# Who feeds their vizsla puppy raw food?



## Monkeymands1977

Hi everyone

We have a 9 week old puppy and the breeder fed raw food so he came with raw, natural instinct to be precise. But I'm worried it's not enough for him. He seems hungry all the time, even the bet noticed it today. 

Does anyone else feed their puppy or adults raw and what's your thoughts?

I am now thinking about getting some kibble and mix the two...

Thanks
Amanda


----------



## texasred

I don't feed raw but if the pup is hungry I would increase his food. Just slowly up a little bit at each meal, till you find the right amount. It will keep changing as he grows.


----------



## riley455

Monkeymands1977 said:


> Hi everyone
> 
> We have a 9 week old puppy and the breeder fed raw food so he came with raw, natural instinct to be precise. But I'm worried it's not enough for him. He seems hungry all the time, even the bet noticed it today.
> 
> Does anyone else feed their puppy or adults raw and what's your thoughts?
> 
> I am now thinking about getting some kibble and mix the two...
> 
> Thanks
> Amanda


Hi Amanda,

I started feeding raw as well but then had to switch back to kibble and just mix it raw food from time to time. It was getting very expensive. Besides it became a hassle whenever I travel with my two vizslas.


----------



## einspänner

How many meals are you feeding per day? What amount (grams, oz, or lbs) and how much does your pup weigh? I'd go by body condition to judge whether you are feeding him the right amount. My dog is always up for eating and you'd think she's starving by how enthusiastically she eats, but body condition tells otherwise. 
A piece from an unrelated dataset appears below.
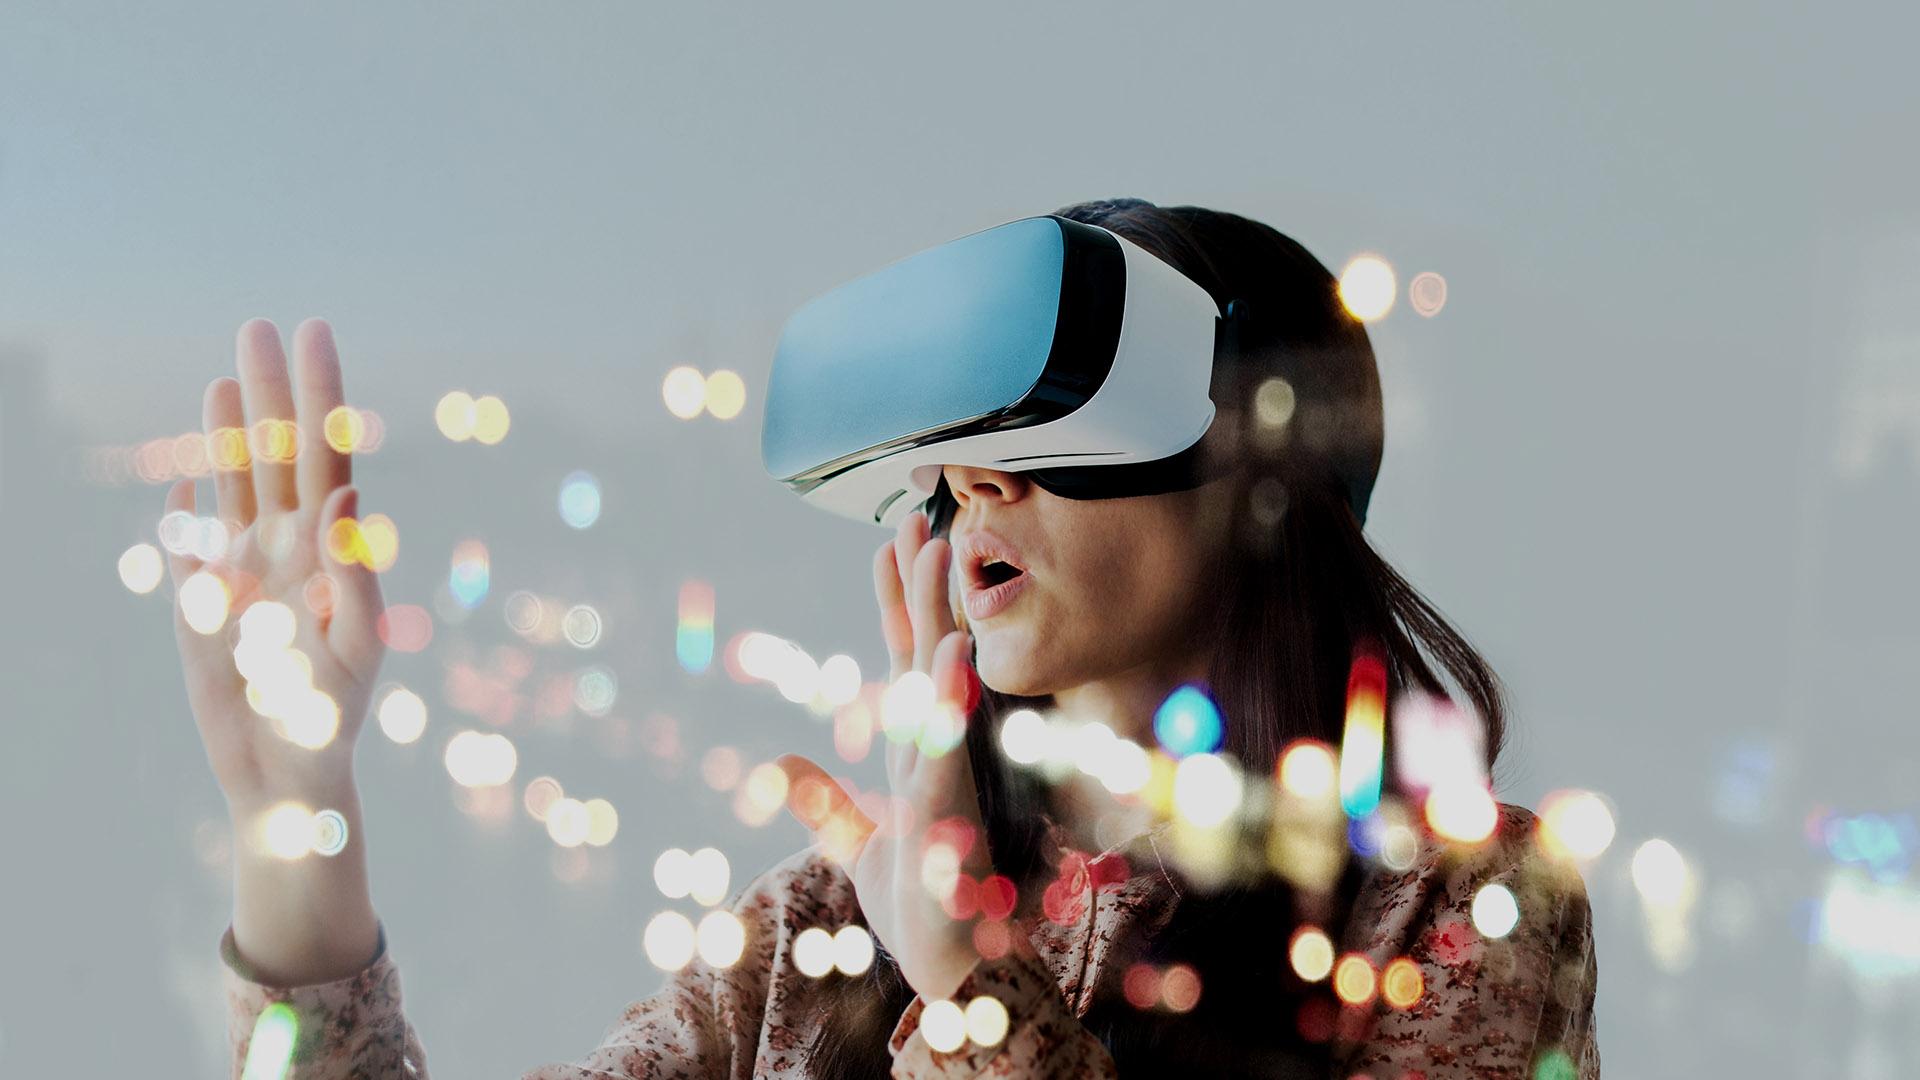 ¿Cuáles serán las principales tendencias tecnológicas durante 2019?

If all he's getting his nature's instinct I'd definitely add in some kind of meaty bone. Poultry necks, wings, thighs and drumsticks are all very manageable for young pups and will be more satisfying as they take longer to eat. They'll also give you the dental benefit of a raw diet. If you've ever done a juice fast you'll appreciate the pleasure of chewing!

It's definitely manageable to feed an all raw diet and satisfy their hunger, but if you are going to add kibble, feed it at a separate meal, preferably at dinner so he has all night to digest it. I'd recommend not feeding it though. 

Here's a video of her chomping on a lamb shank. Probably took her 10 minutes to get to this point. https://flic.kr/p/naHaEP


----------



## hotmischief

Hi, I bought my HWV up on Natural Instinct. You are probably not feeding enough. With a raw diet you need to feed a lot more than with kibble - but a lot less will come out the other end. They recommend for a puppy 8 - 10% of the bodyweight for adults 3-4% of bodyweight. These are only guidelines, so if your puppy is very active or skinny you might need to increase the amount. Don't forget that as your puppy grows you will need to increase his food quantity every couple of weeks. As you will be feeding larger quantities than kibble, you need to divide the food in to 3 - 4 meals a day. By 6 months Boris was eating 800gms a day and when we tried to split it into 2 meals he would be sick as his stomach wasn't large enough to cope at that age. I think he was 9 months before we were able to get down to 2 meals a day. It is very important NOT to feed kibble with raw as the liquid content in raw will cause the kibble to swell in the stomach. You could feed kibble in the morning and raw in the evening.....but that is rather counter productive re the balance of the food.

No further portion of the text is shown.